*Supplied information*
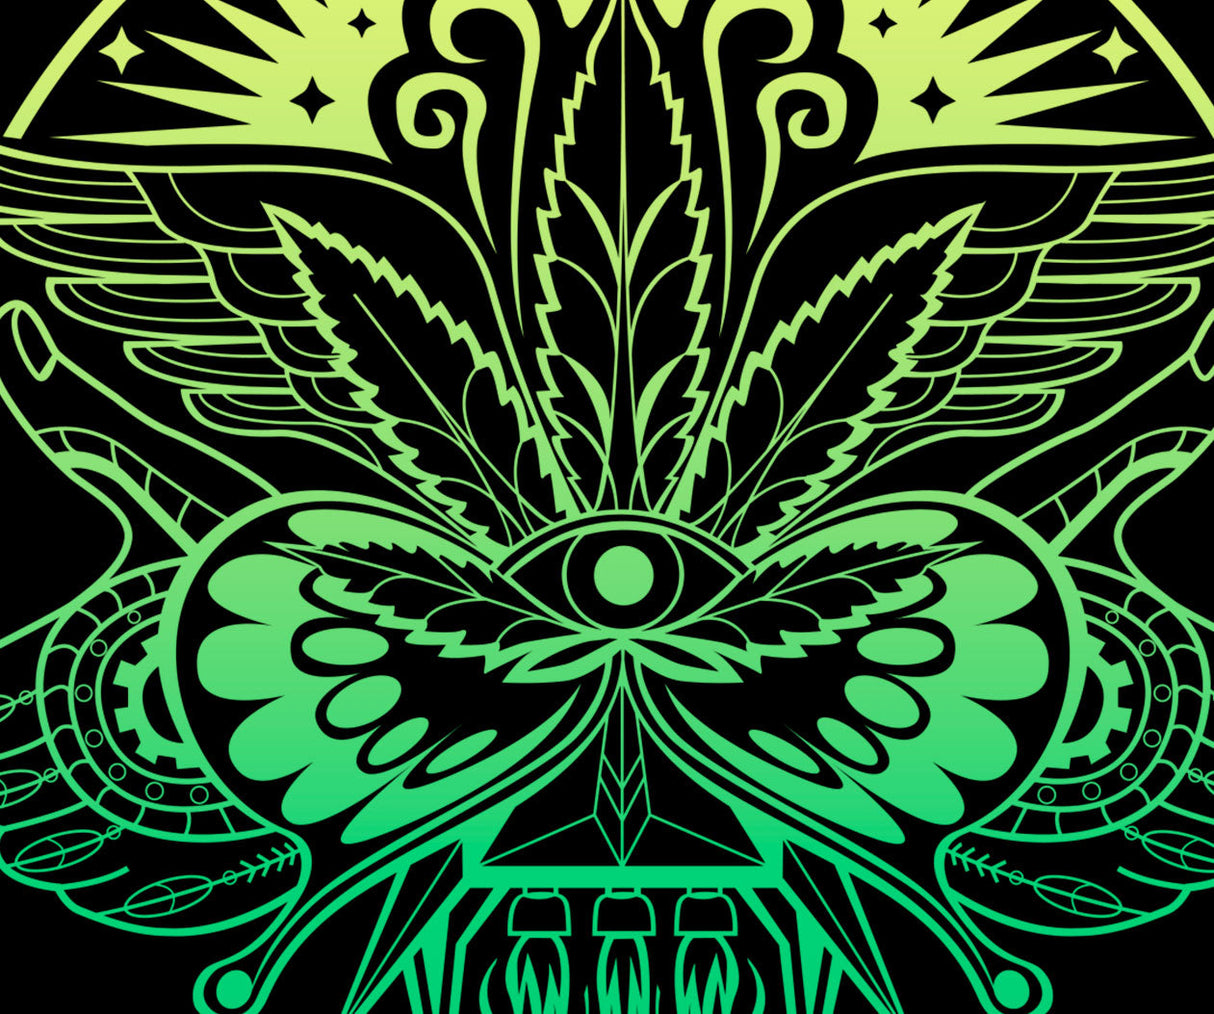 StonerDays Mandala 222 T-Shirt design close-up featuring intricate green and teal cannabis-themed mandala
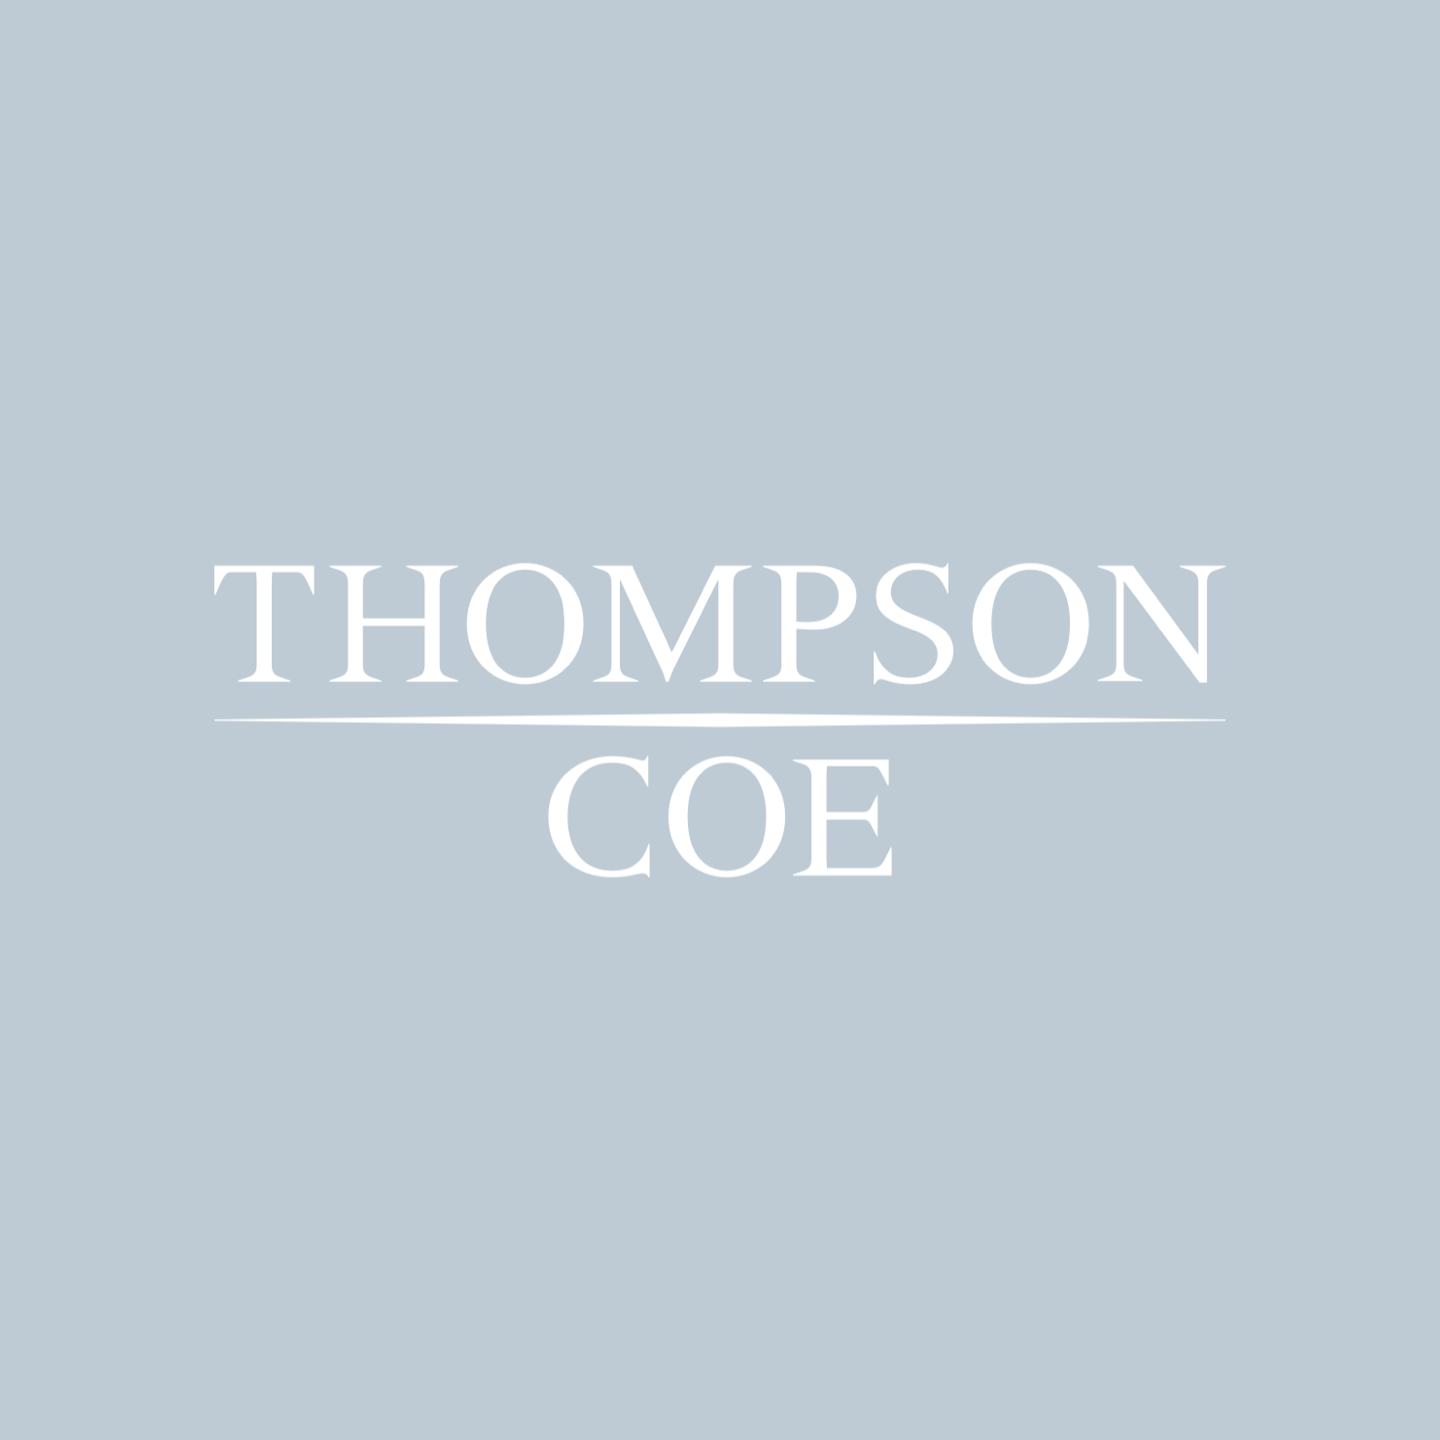 Thompson Coe logo
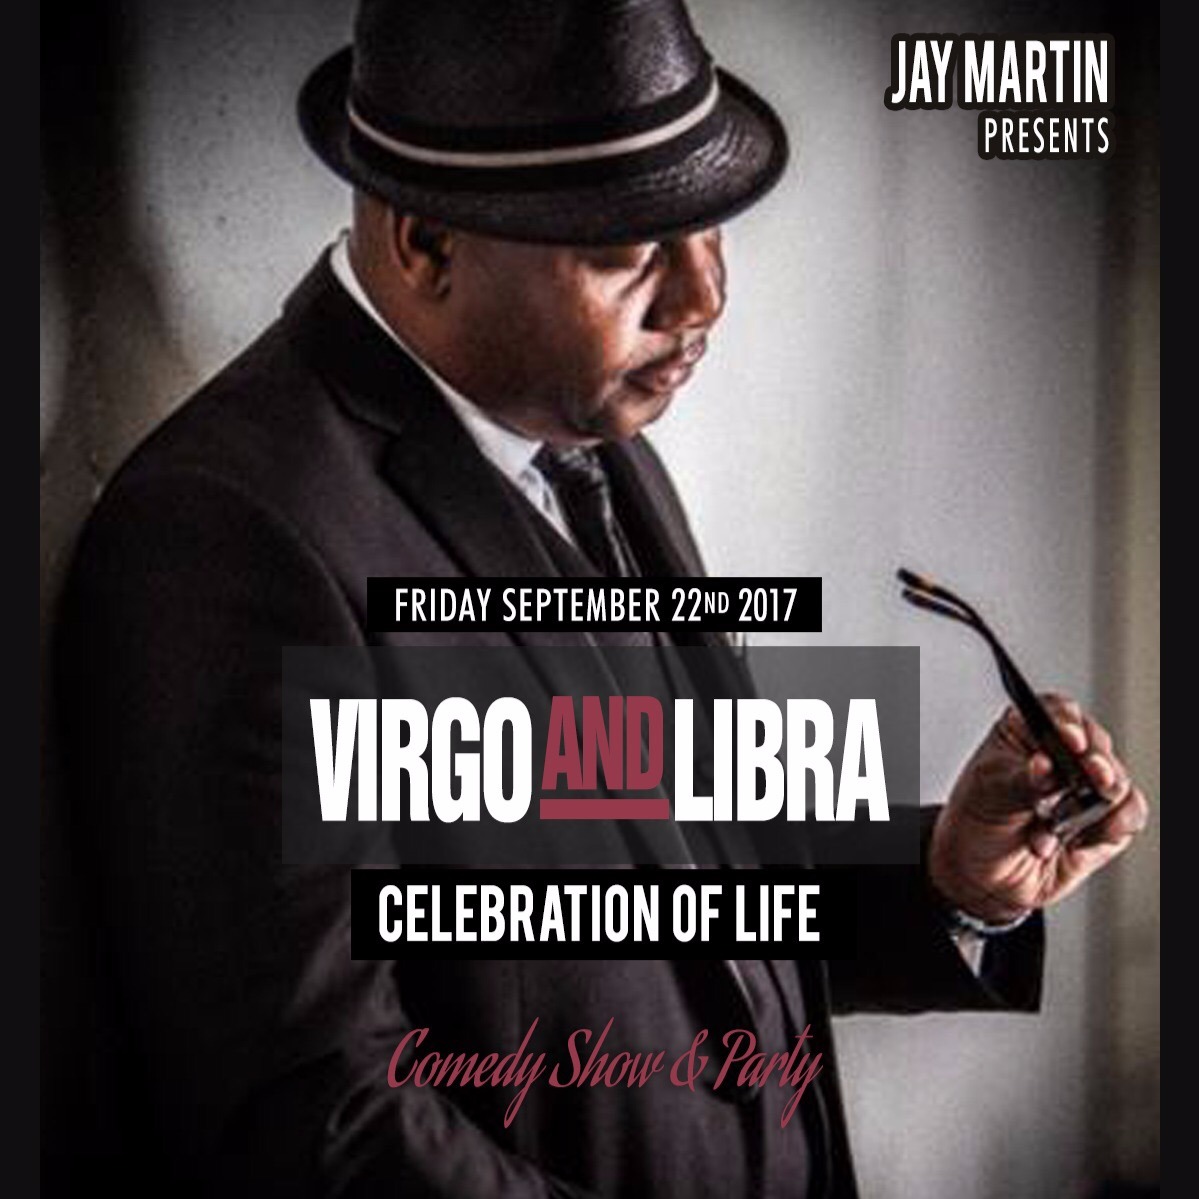 VIRGO AND LIBRA - CELEBRATION OF LIFE 2017 Jay Martin's Birthday

*Exercise aim*
Give the data again exactly as written, with no pictures included.

*Written solution*
 StonerDays Mandala 222 T-Shirt design close-up featuring intricate green and teal cannabis-themed mandala
 Thompson Coe logo
 VIRGO AND LIBRA - CELEBRATION OF LIFE 2017 Jay Martin's Birthday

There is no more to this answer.